[SUPPLIED INFORMATION]
**********

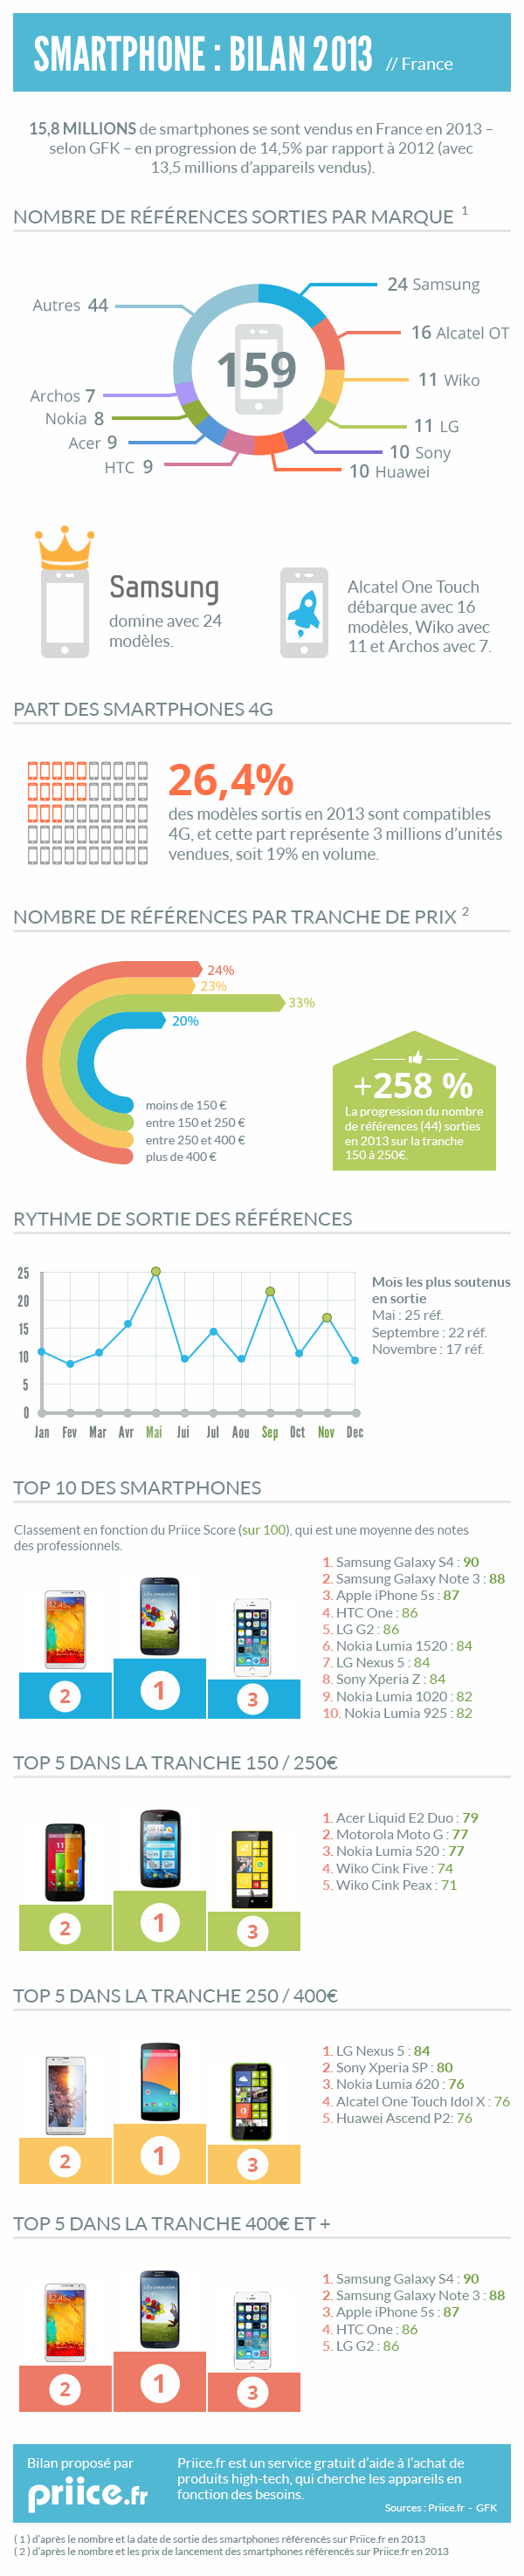 Infographie bilan des smartphones en France en 2013
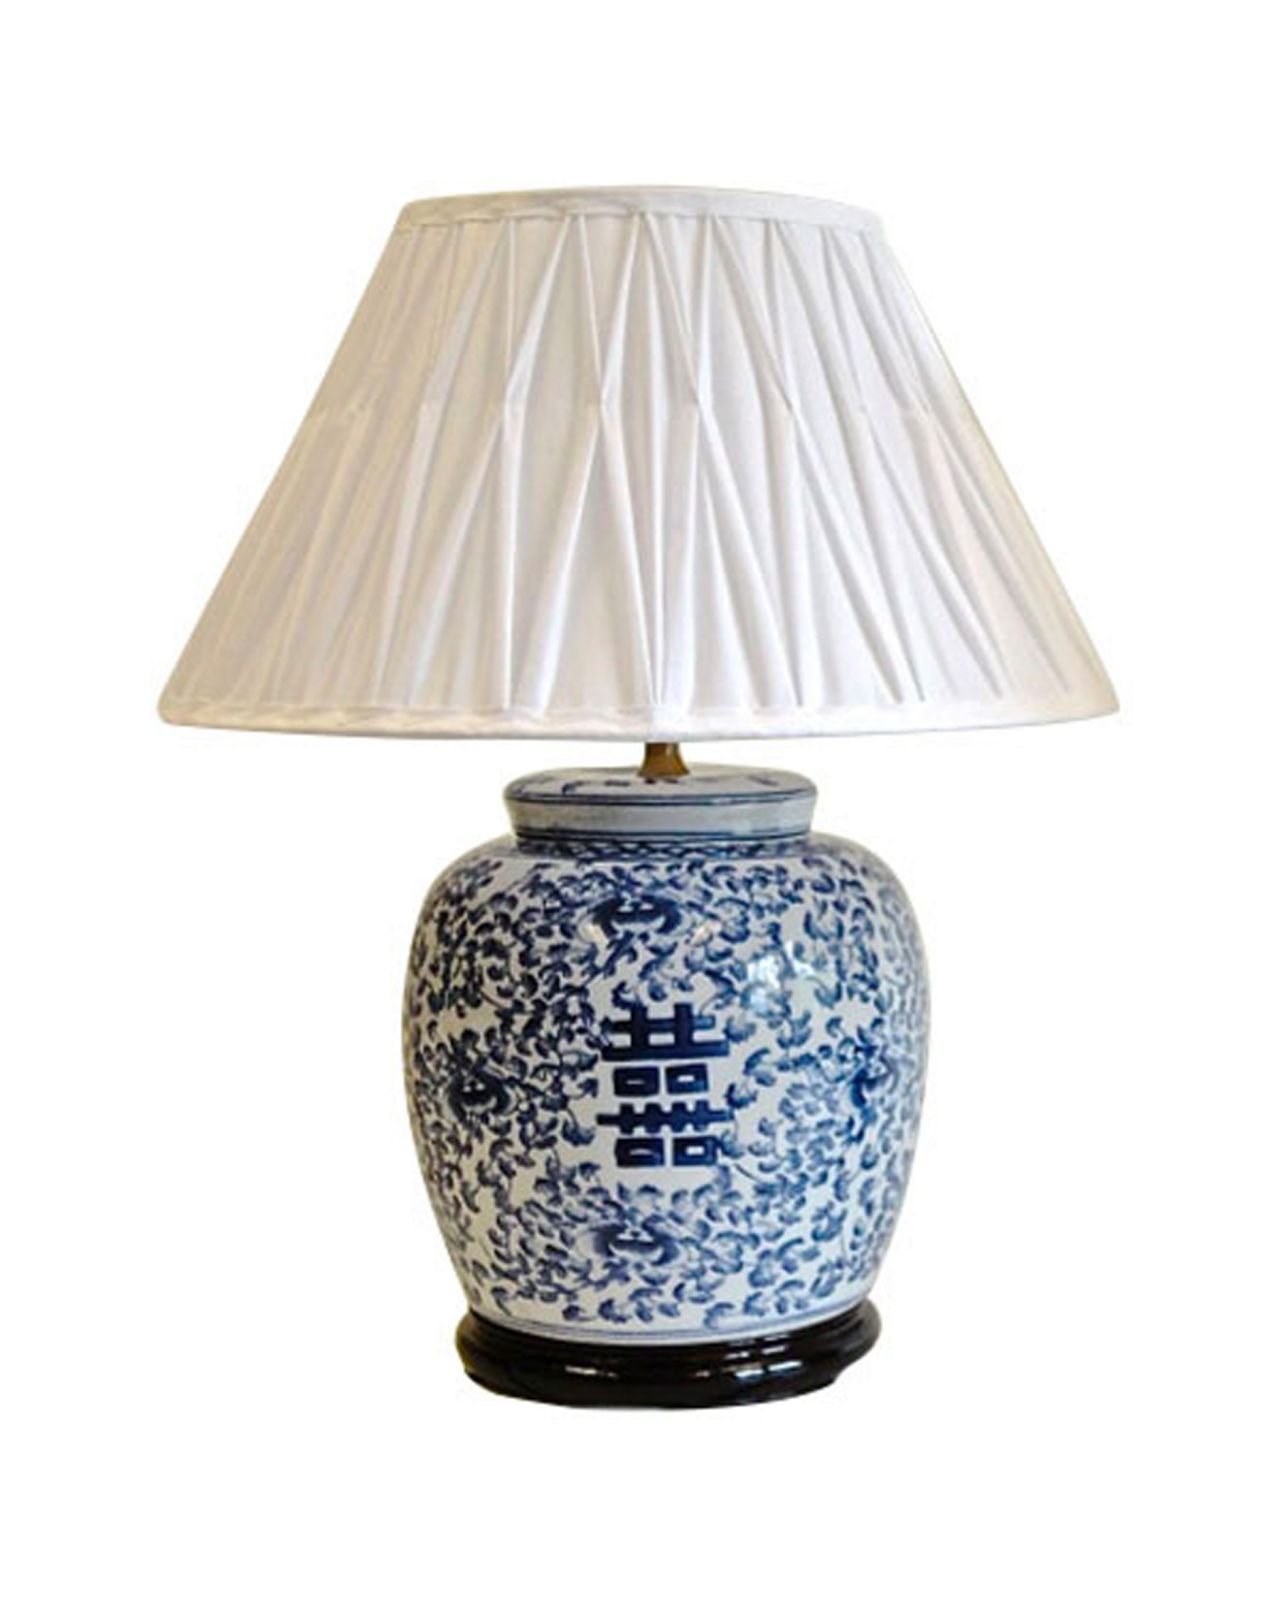 Kina bordslampa blå/vit
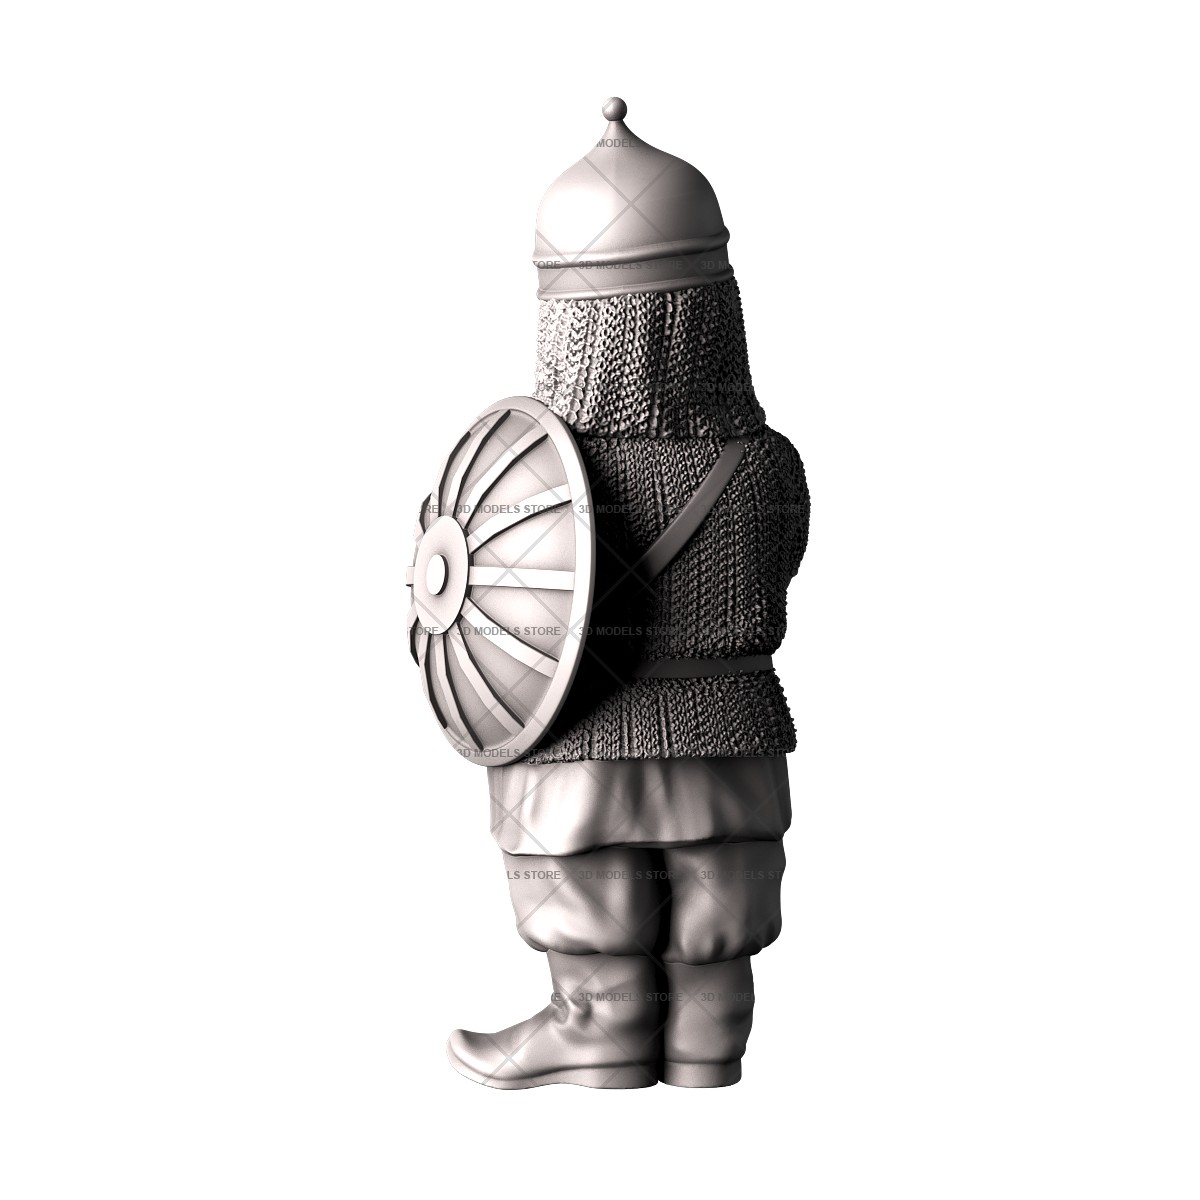 Sculpture warrior, 3d models (stl)

**********

[WHAT THIS TASK INVOLVES] As you output the material, omit the pictures but alter nothing else.

[ANSWER FOR THIS EXERCISE]
 Infographie bilan des smartphones en France en 2013
 Kina bordslampa blå/vit
 Sculpture warrior, 3d models (stl)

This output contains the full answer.